New York - Introducing cereals into the diet of babies before the age of six months does not increase the likelihood that they'll become allergic to wheat, a new report shows.

In fact, a delay seems to raise the risk.

"Delaying introduction of foods may not be protective against allergic disease development, and perhaps may be the wrong message," Dr Jill Poole from the University of Colorado and Health Sciences Center, Denver, said.

Poole and her colleagues studied more than 1 600 children followed since birth. Only 16 children (one percent) had confirmed wheat allergy at an average age of 13 months, the team reports in the medical journal Pediatrics.

Among the children who were first exposed to cereal grains before six months of age, four (0,41 percent) developed wheat allergy; the rate of wheat allergy was 1,8 percent among 654 children not exposed to cereals until after six months of age.

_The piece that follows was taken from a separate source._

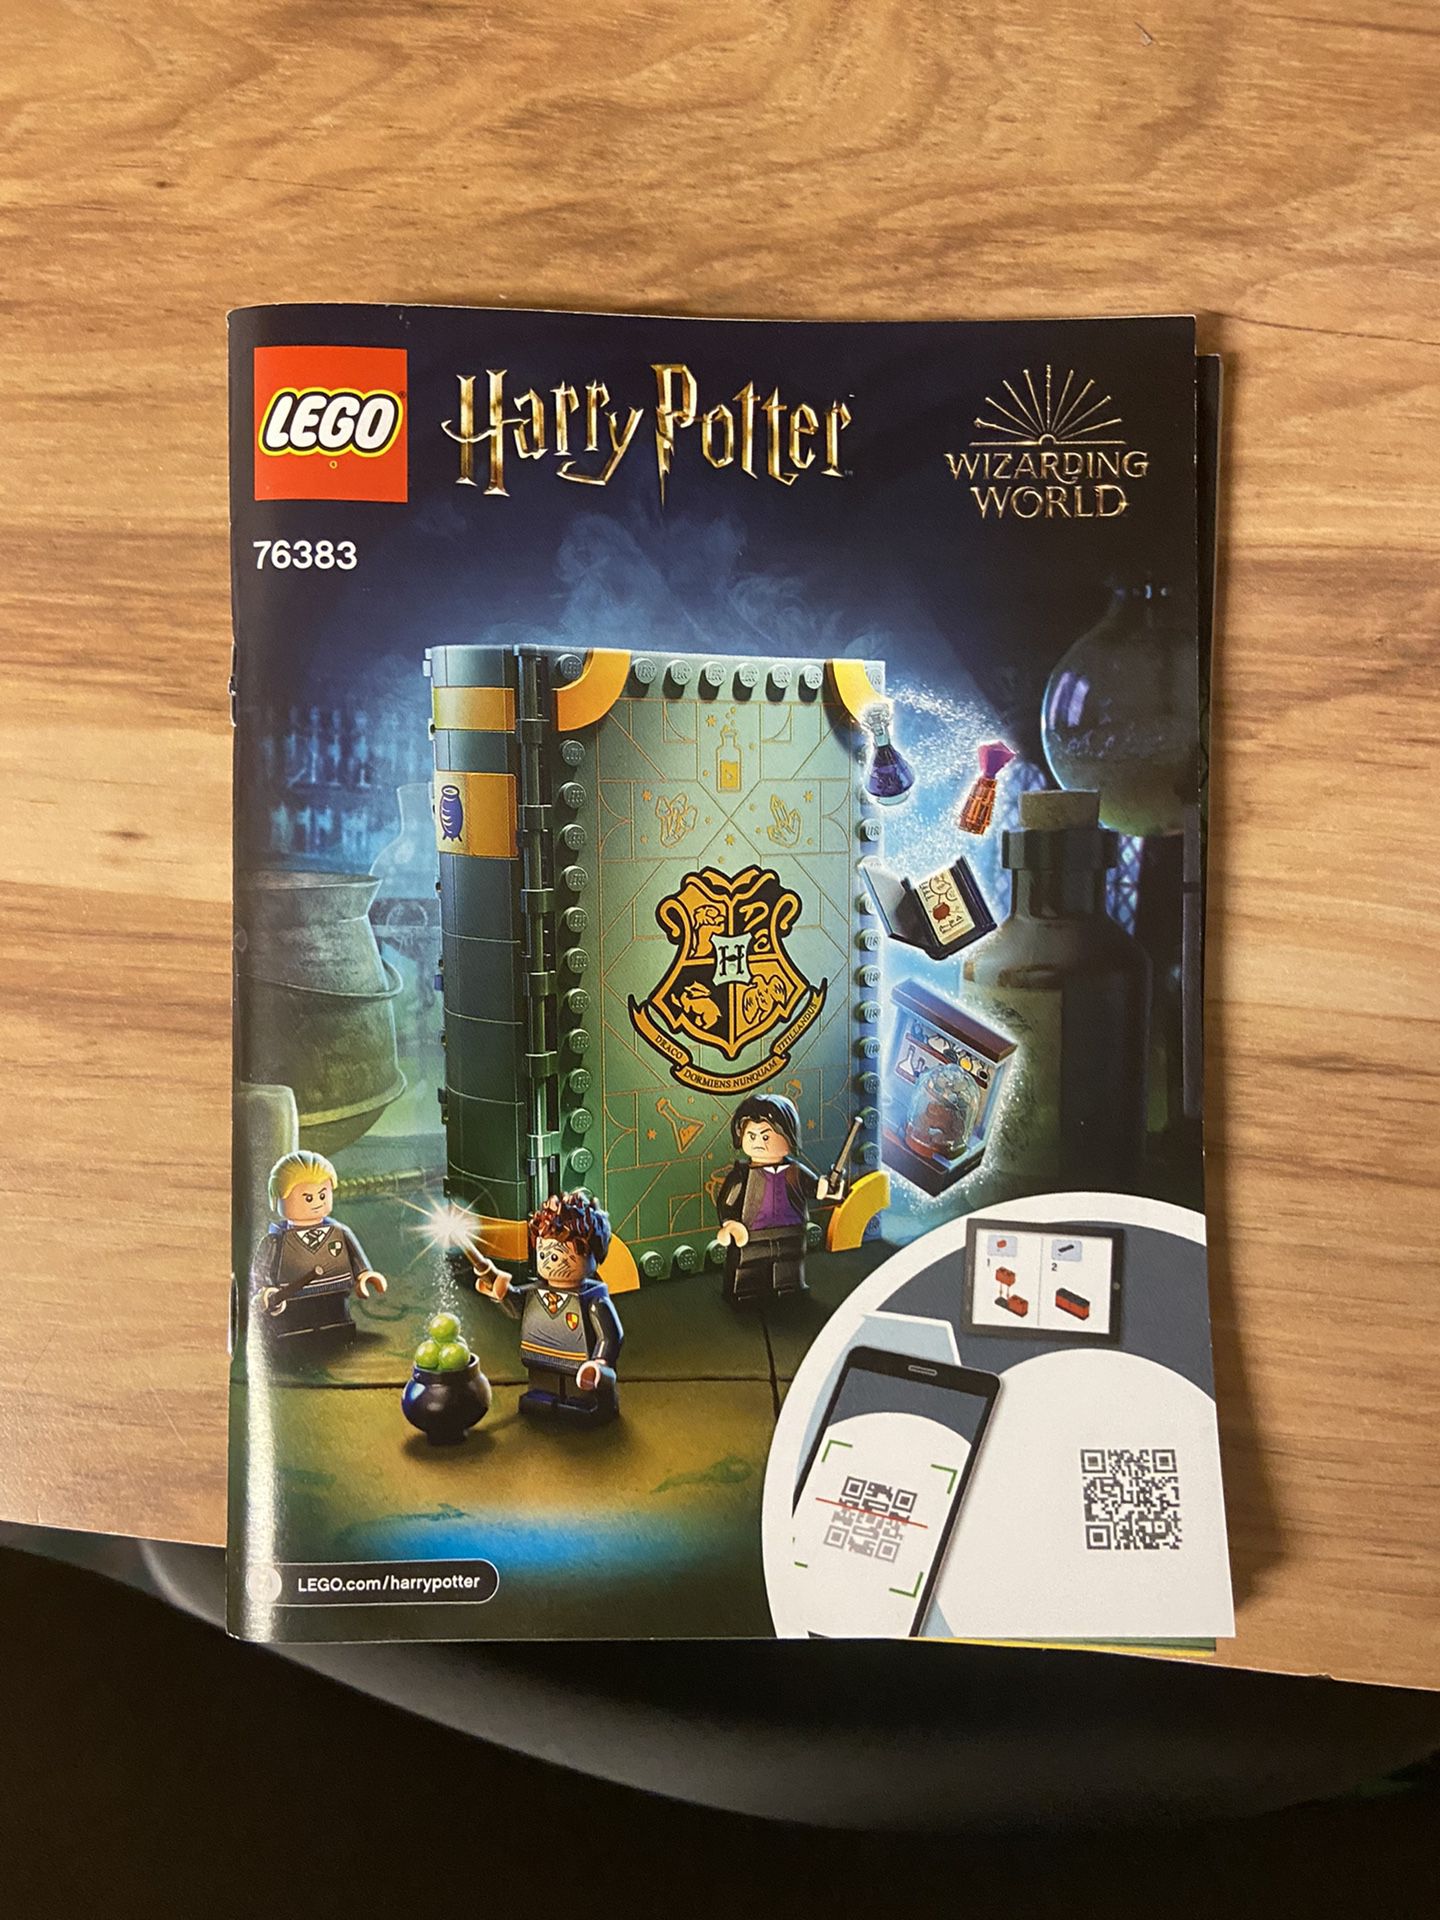 Harry Potter Legos- Potions Class Book (slytherin)
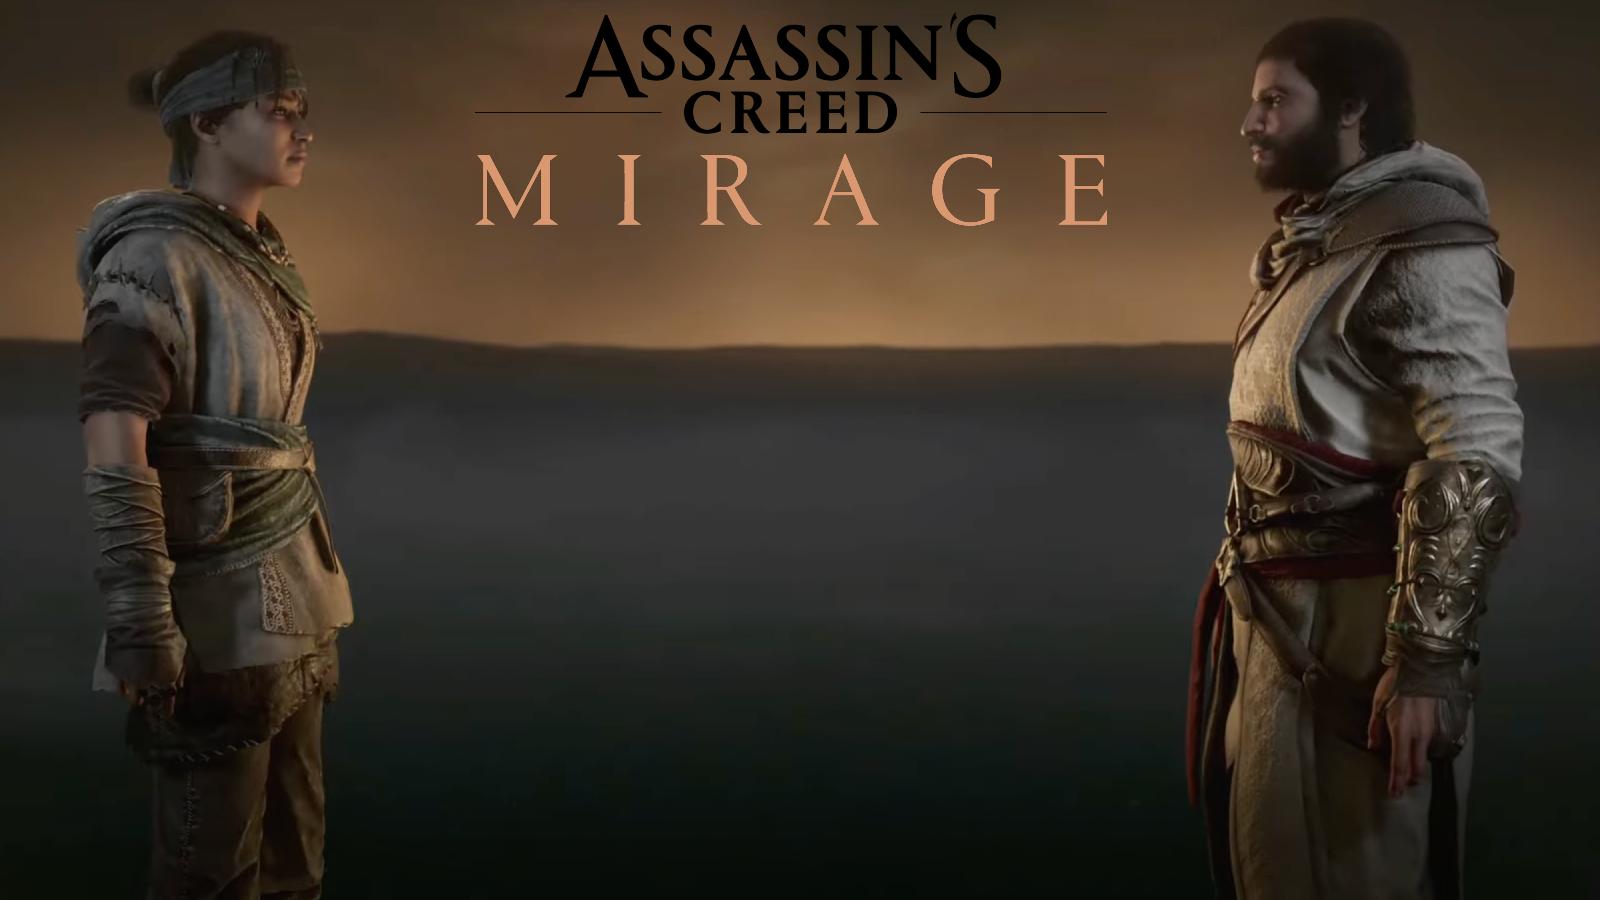 Mirage - Hi everyone!! Another day another new game at

Age at initial introduction to cereal grains remained strongly associated with wheat allergy (a 3,8-fold increased risk when exposure began at or after age seven months), after factoring in breastfeeding duration, introduction of rice cereal, family history of allergy, and history of food allergy before six months of age, the investigators say.

"Our results support continuing the current recommendations of first introducing cereal products between four and six months of age," the researchers conclude.

"We attempted to define if very early exposure (less than four months) also influenced the risk of wheat allergy," Poole continued. "However, there were not enough children with wheat allergy to make any strong conclusions about very early exposure."

However, she concluded, "Based on the data from the early 1990s, which showed that very early introduction (less than two to four months of age) of multiple foods was associated with allergic disease, we do not recommend introduction of cereal grains before four months of age."